Kata Issari
Regional Director - Hawaiʻi
"I believe strongly in the power of communities to create lasting change. Like the Joyful Heart Foundation, ending violence against women and girls is my life's work. My particular passion is linking violence against women and girls to an anti-oppression framework that also addresses the importance of maintaining our health and well-being as advocates, organizations, and community members. What better place to bring all this together than at the Joyful Heart Foundation? I'm thrilled to be of service to Joyful Heart and my adopted community of Hawaiʻi by fulfilling the vision of Joyful Heart and my own vision of a world of peace, justice and balance."
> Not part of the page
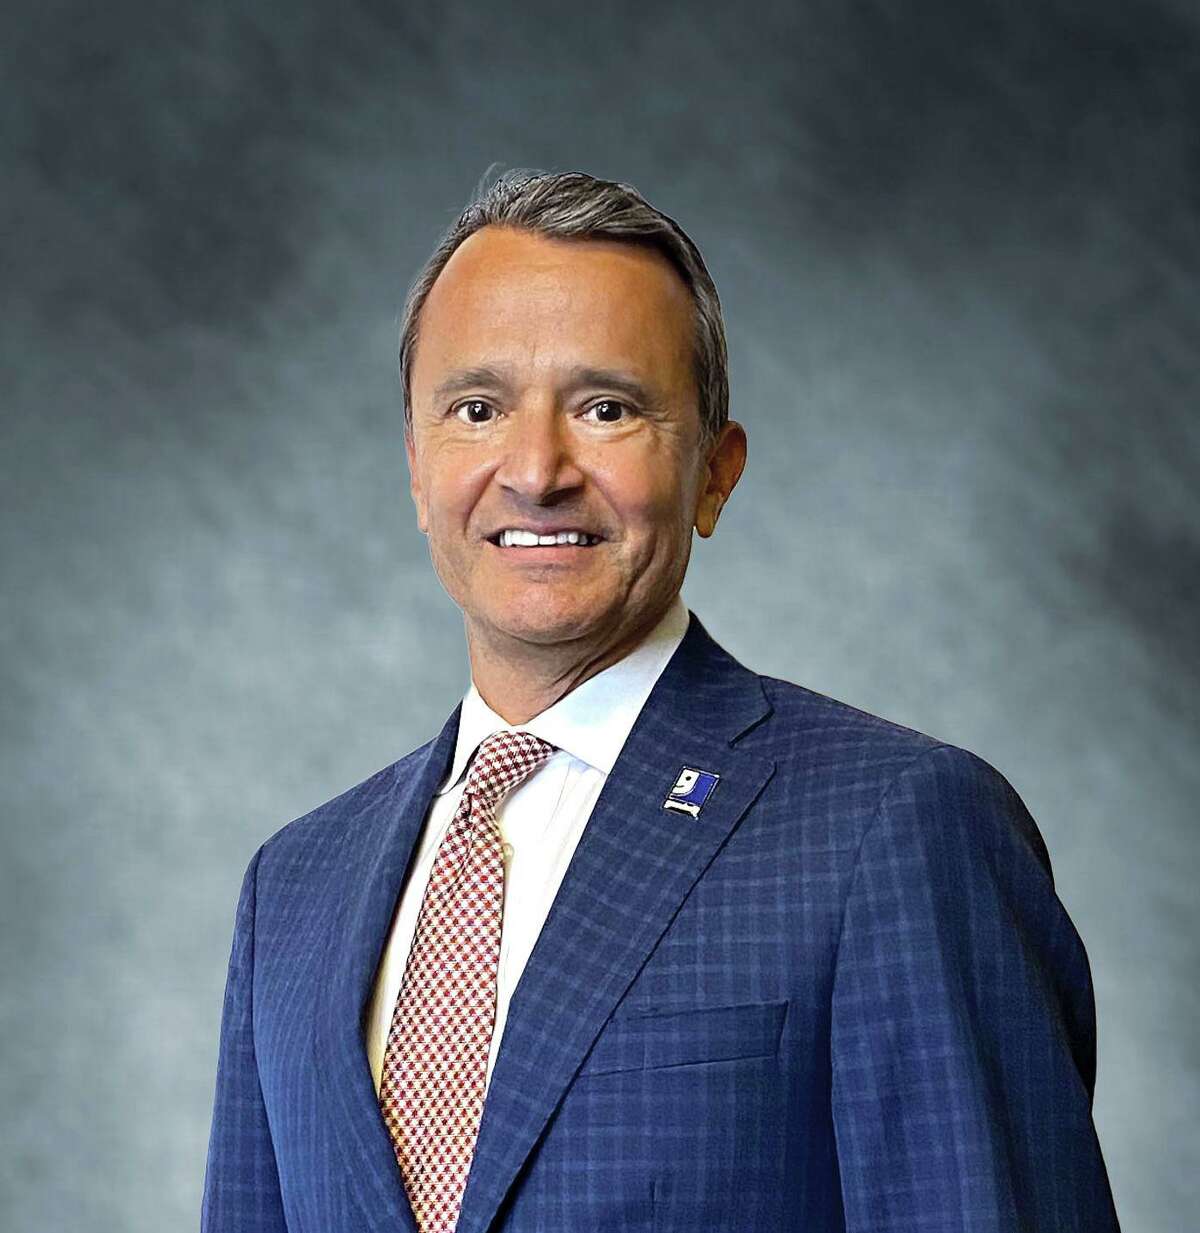 Carlos J. Contreras, III is President & CEO at Goodwill San Antonio.

Kata Issari has been working in the field of sexual and domestic violence for 30 years. She is an advocate, educator, fundraiser, therapist and community activist with over 20 years experience as a manager, organizational consultant and anti-oppression trainer. After completing her MSW at the University of Michigan, Kata established the first clinical program and 24-hour rape crisis line, at the U of M campus' Sexual Assault Prevention and Awareness Center. She has served on the boards of the National Coalition Against Sexual Assault, Advocates for Abused and Battered Lesbians (now the Northwest Network) and the Women's Funding Alliance in Seattle. Kata has lectured throughout the U.S. on a variety of issues related to sexual and domestic violence.
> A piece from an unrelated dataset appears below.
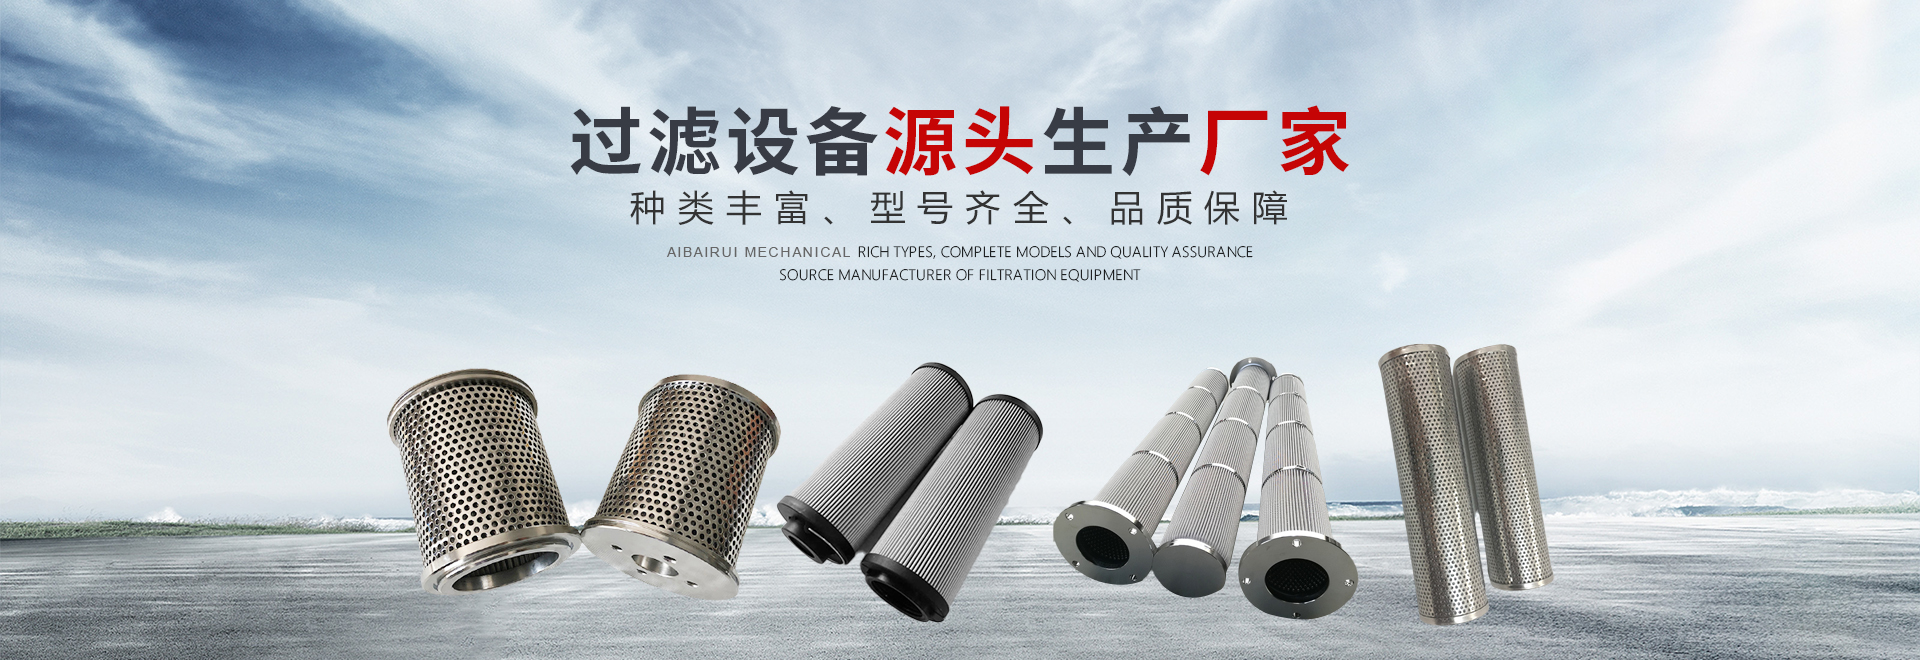 河南省九游J9中国机械设备有限公司

She is a founding member of INCITE! Women of Color Against Violence and is currently a consultant/trainer for the Advocacy Learning Center, a project of Praxis International and Manavi. Originally from Iran, Kata immigrated to the U.S. as a child and currently lives in Honolulu, where for over a decade she managed PACT Family Peace Center, a domestic violence program serving survivors, batterers and children exposed to domestic violence. While at Family Peace Center, Kata was instrumental in helping to design and implement Namelehuapono, the only existing culturally-based, domestic violence intervention for Native Hawaiian and Polynesian survivors and offenders. She also led the development of the Keiki Safe Project, a school-based counseling and community response model for children exposed to domestic violence and collaborated to secure federal funding for PACT Family Peace Center's award as one of ten national sites for the Department of Justice's Safe Start Promising Practices initiative, both research partnerships with the University of Hawaiʻi at Mānoa.